Images aside, the whole listing should be written out word for word.
(Data below begins)
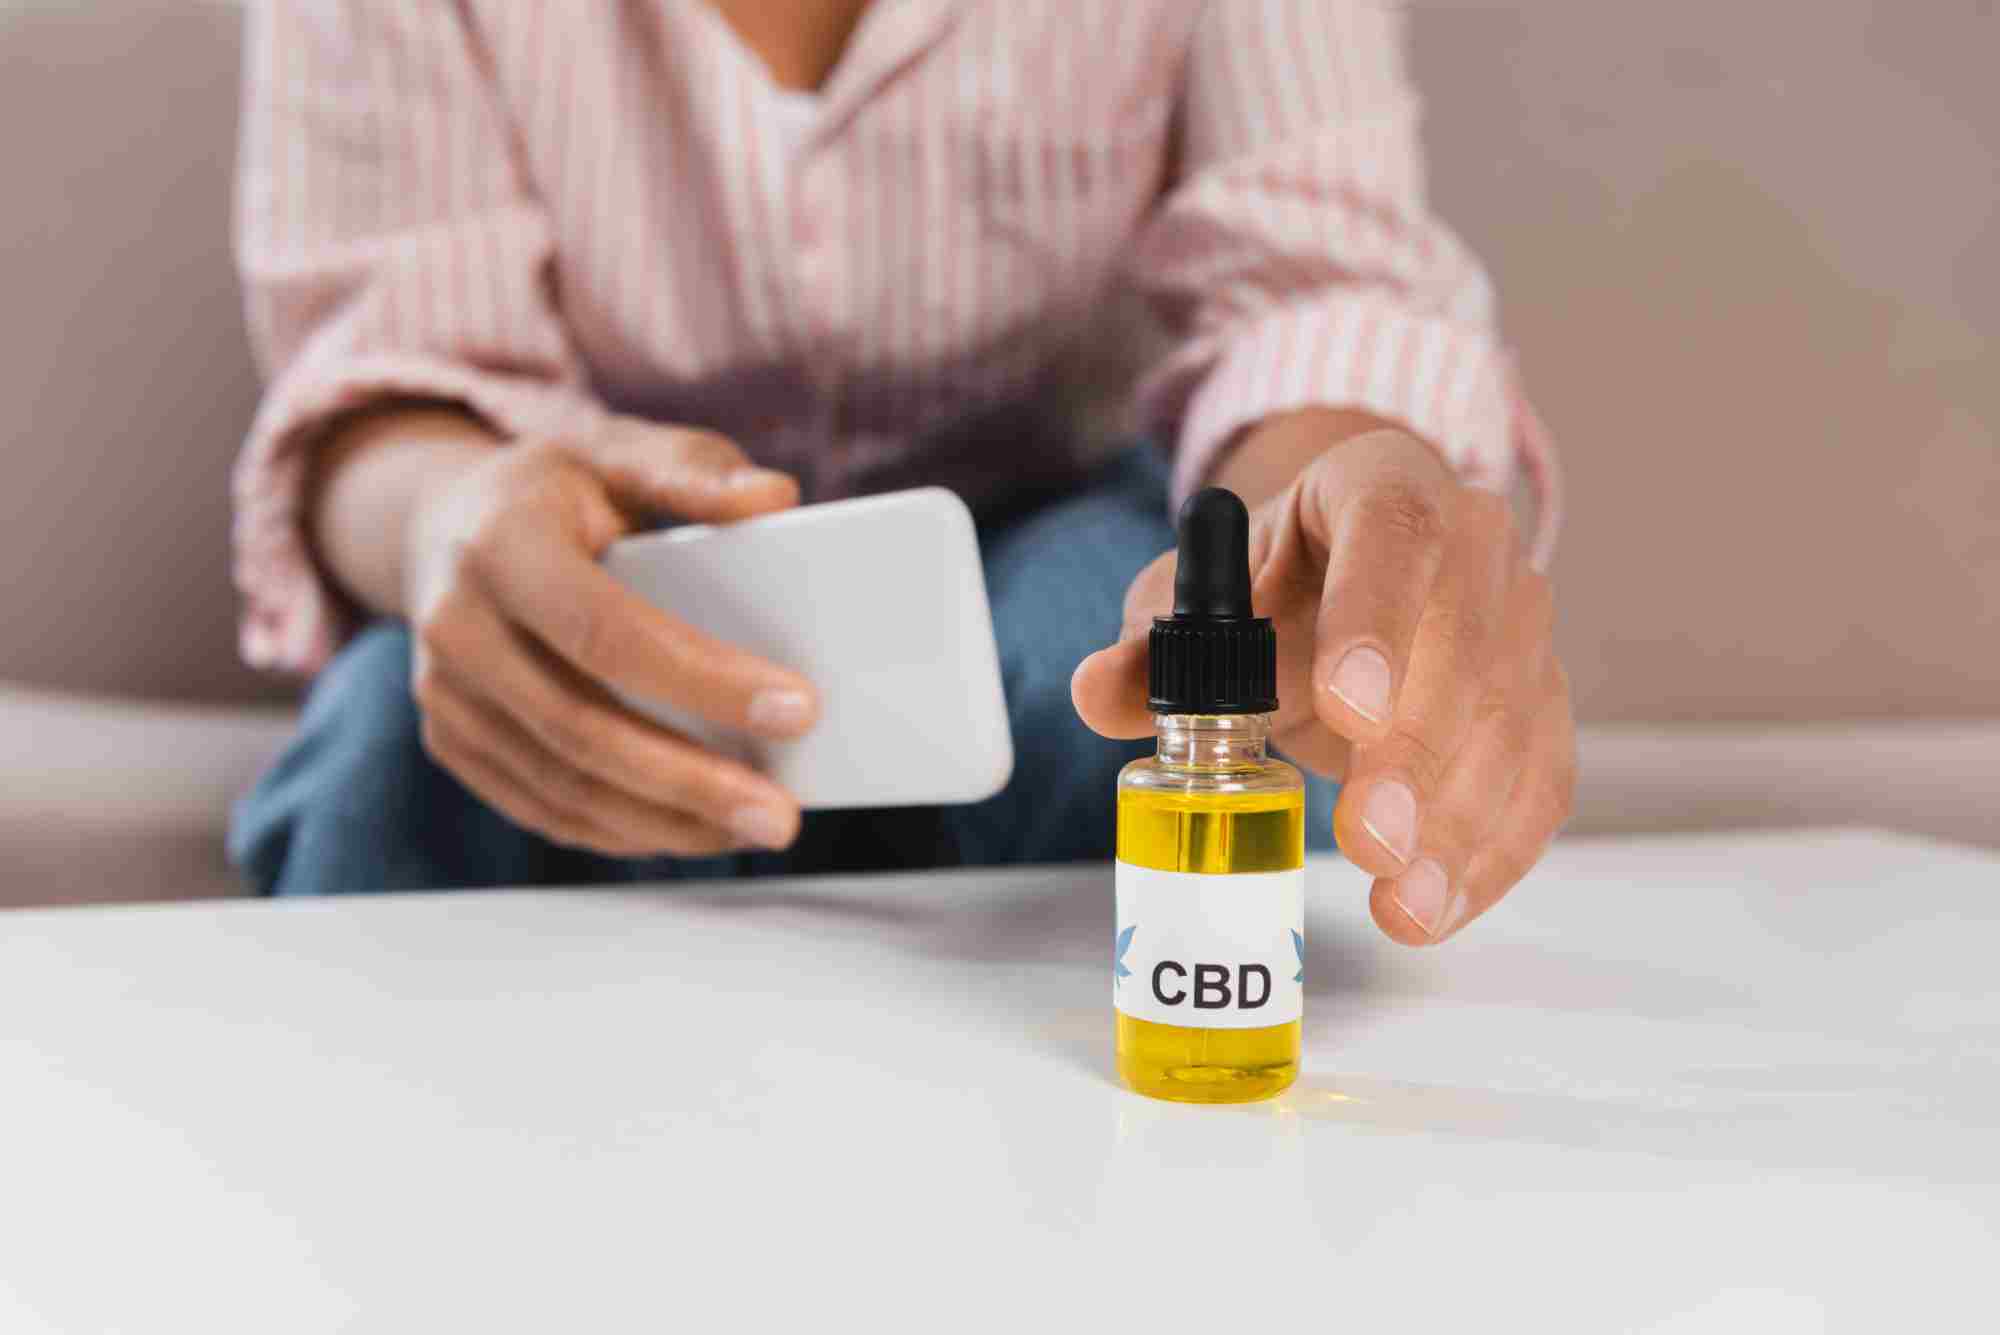 man with phone reaching for a CBD bottle
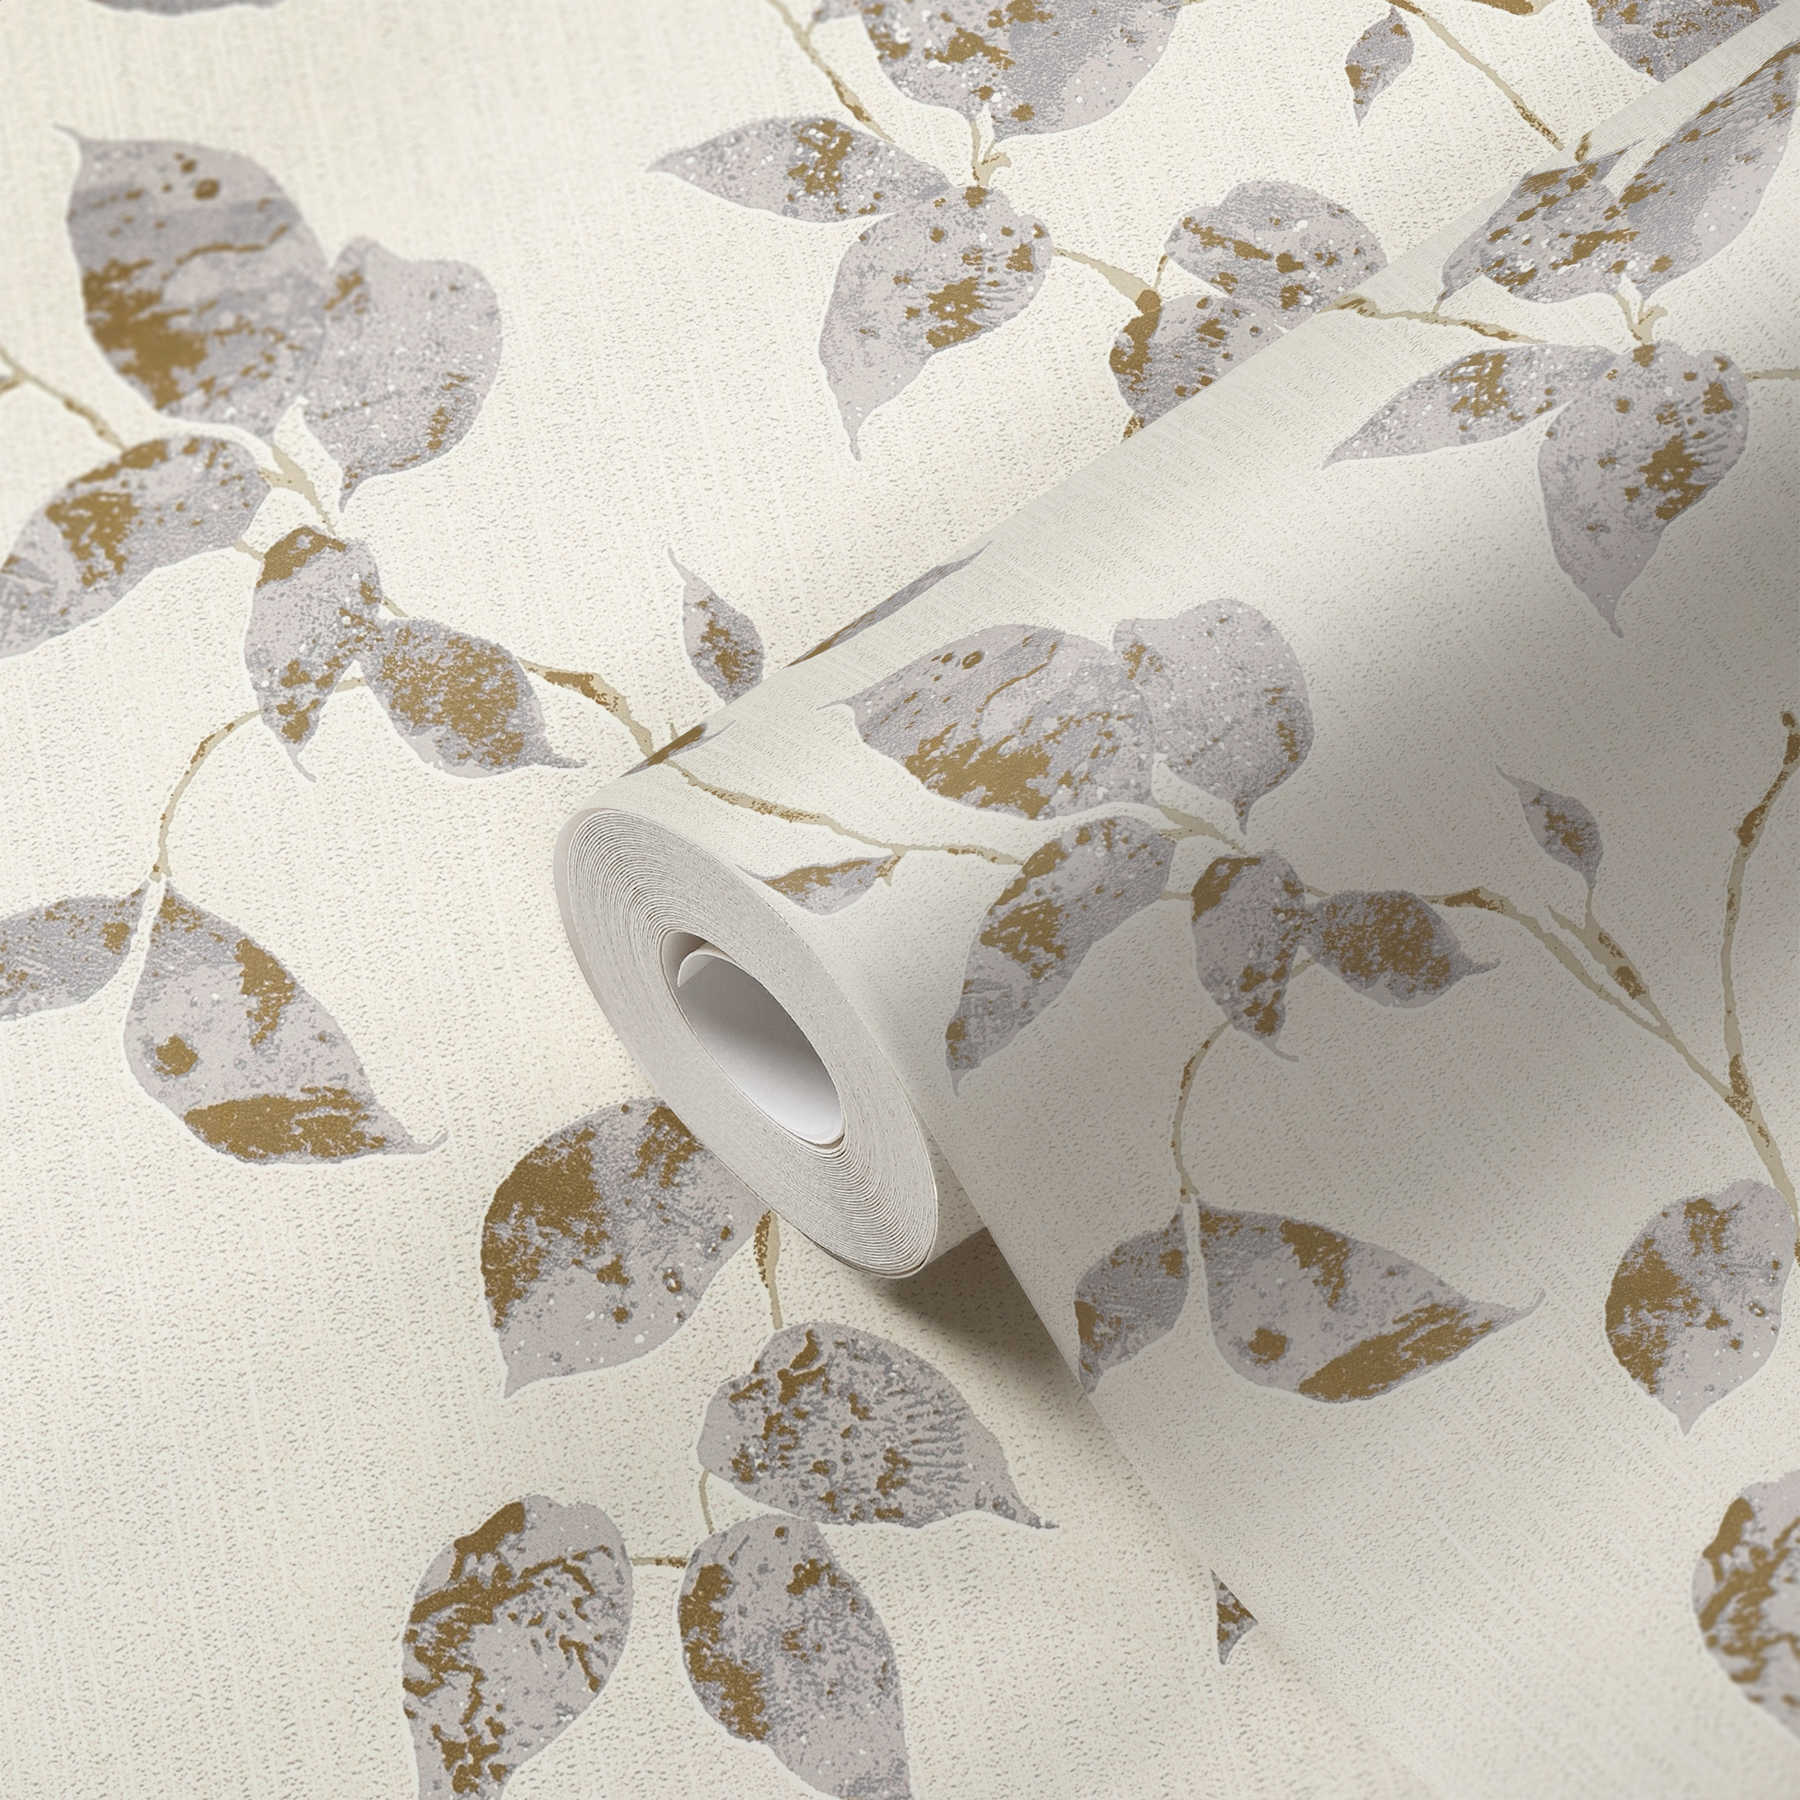             Textured Wallpaper with Leaf Tendrils & Metallic Accent - Grey, White
        
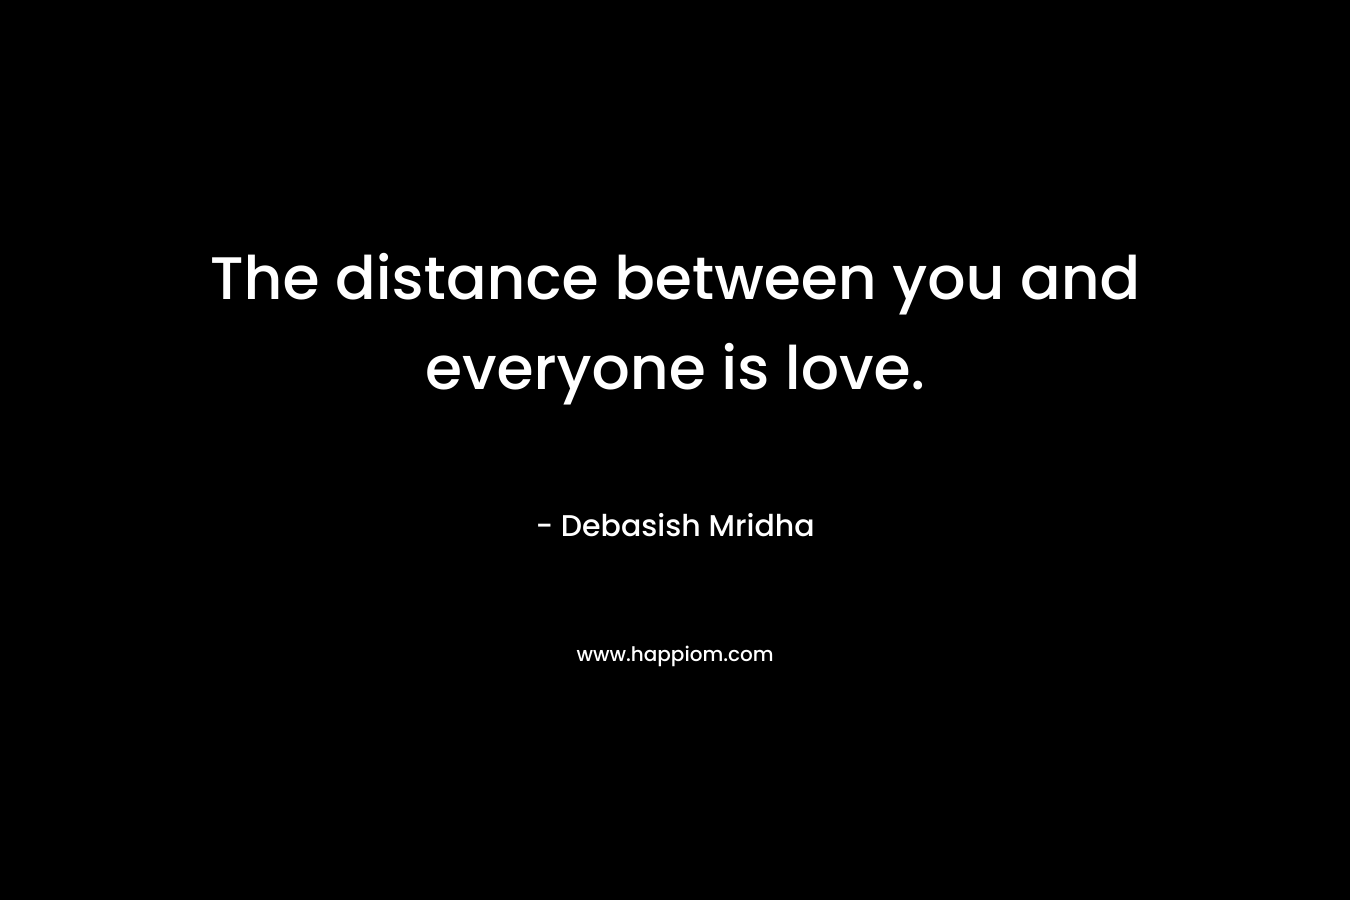 The distance between you and everyone is love.
(Data below ends)
> _Task solution_:
 man with phone reaching for a CBD bottle
             Textured Wallpaper with Leaf Tendrils & Metallic Accent - Grey, White
        
 The distance between you and everyone is love.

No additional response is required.